Rearranging the terms, we have $5y=\dfrac{50m-300-40m}{15+2m}$.
Thus, we have $5y=\dfrac{10m-300}{15+2m}\Rightarrow y=\dfrac{2m-60}{15+2m}$.
Now, we know that $x>0,y>0$.
Thus, we have $x=\dfrac{25m}{15+2m}>0,y=\dfrac{2m-60}{15+2m}>0$.
Firstly we observe that $15+2m\ne 0$. Thus, we have $m\ne \dfrac{-15}{2}$.
As $\dfrac{25m}{15+2m}>0$, we have $25m>0,15+2m>0$ or $25m<0,15+2m<0$.
Thus, we have $\left( m>0 \right)\cap \left( m>\dfrac{-15}{2} \right)$ or $\left( m<0 \right)\cap \left( m<\dfrac{-15}{2} \right)$.
So, we have $m>0$ or $m<\dfrac{-15}{2}$.
Similarly, as $\dfrac{2m-60}{15+2m}>0$, we have $2m-60>0,15+2m>0$ or $2m-60<0,15+2m<0$.
Thus, we have $\left( m>30 \right)\cap \left( m>\dfrac{-15}{2} \right)$ or $\left( m<30 \right)\cap \left( m<\dfrac{-15}{2} \right)$.
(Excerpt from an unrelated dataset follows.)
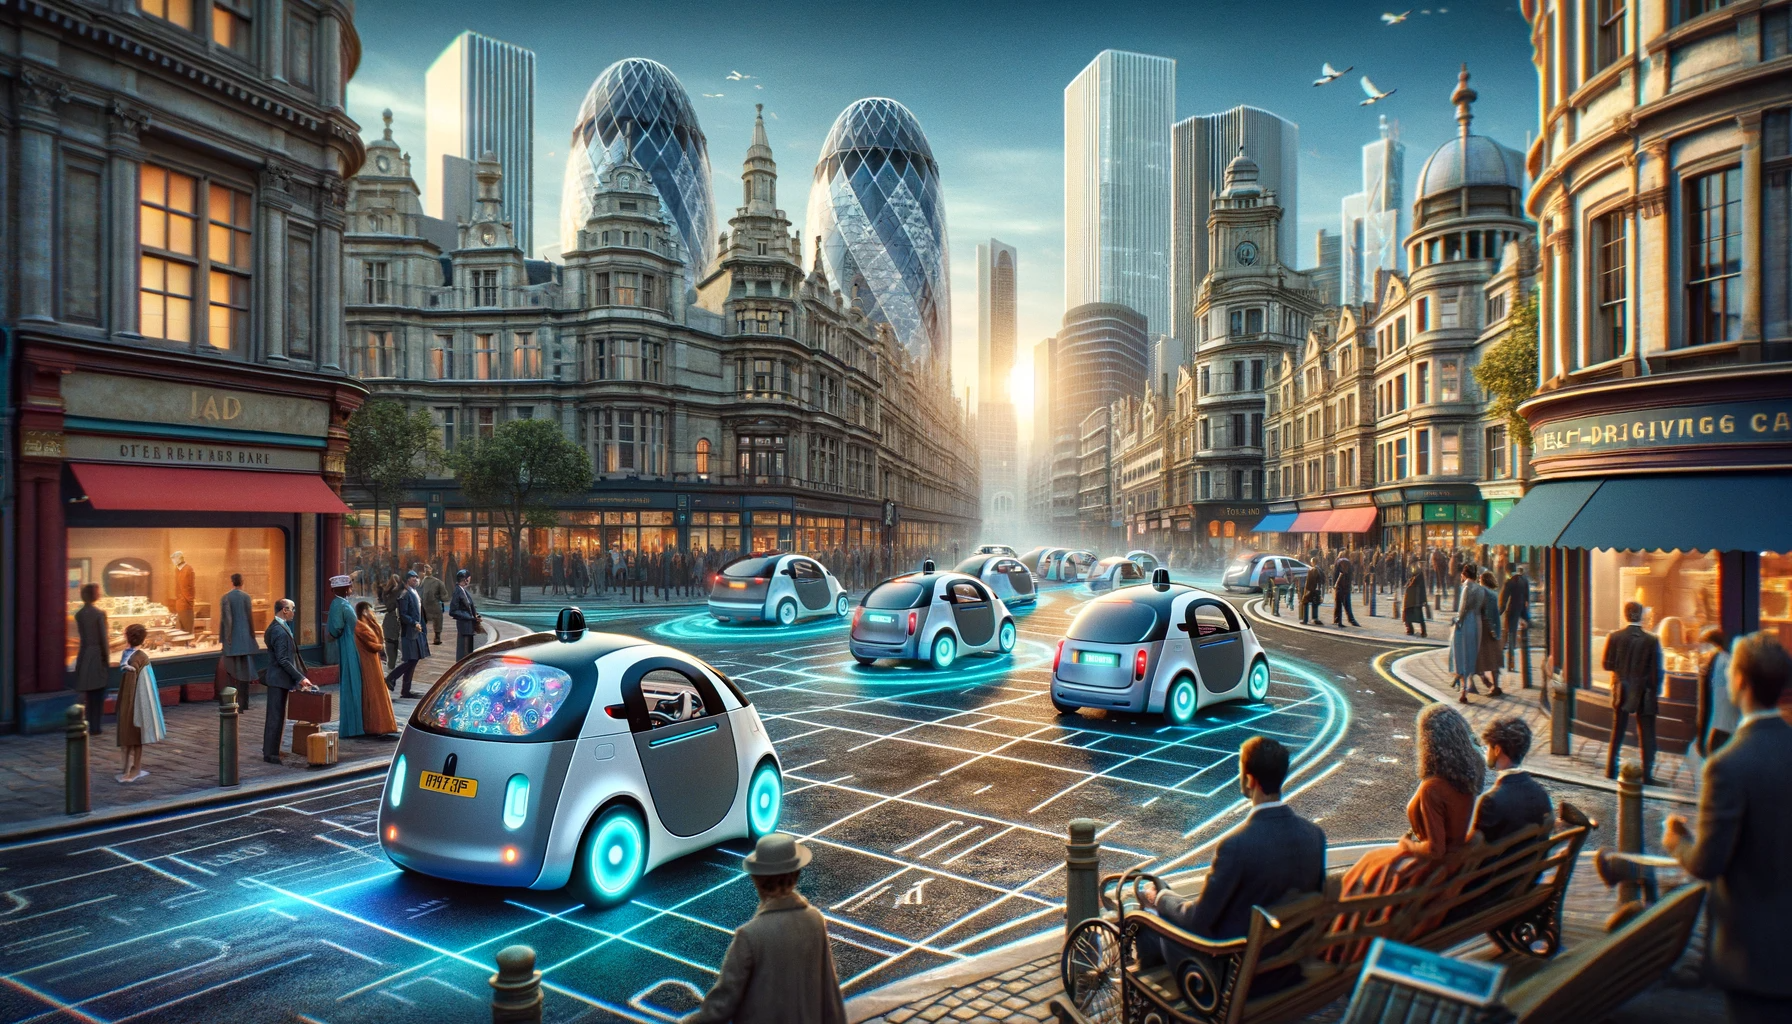 Storbritanniens transportminister Mark Harper meddelade nyligen att självkörande bilar kan börja användas på vissa brittiska vägar så tidigt som 2026.

So, we have $m>30$ or $m<\dfrac{-15}{2}$.
So, the possible values of m are $\left( m>0 \right)\cap \left( m>30 \right)$ or $\left( m<\dfrac{-15}{2} \right)\cap \left( m<\dfrac{-15}{2} \right)$.
Thus, we have $m>30$ or $m<\dfrac{-15}{2}$.
Hence, the values of m which satisfy the given system of linear equations are $m\in \left( -\infty ,\dfrac{-15}{2} \right)\cup \left( 30,\infty \right)$, which is option (b).

Note: We can check if the calculated values of m satisfy the given system of linear equations or not by substituting the value of m in the system of equations. It’s necessary to use the fact that $x>0,y>0$; otherwise, we won’t be able to solve this question.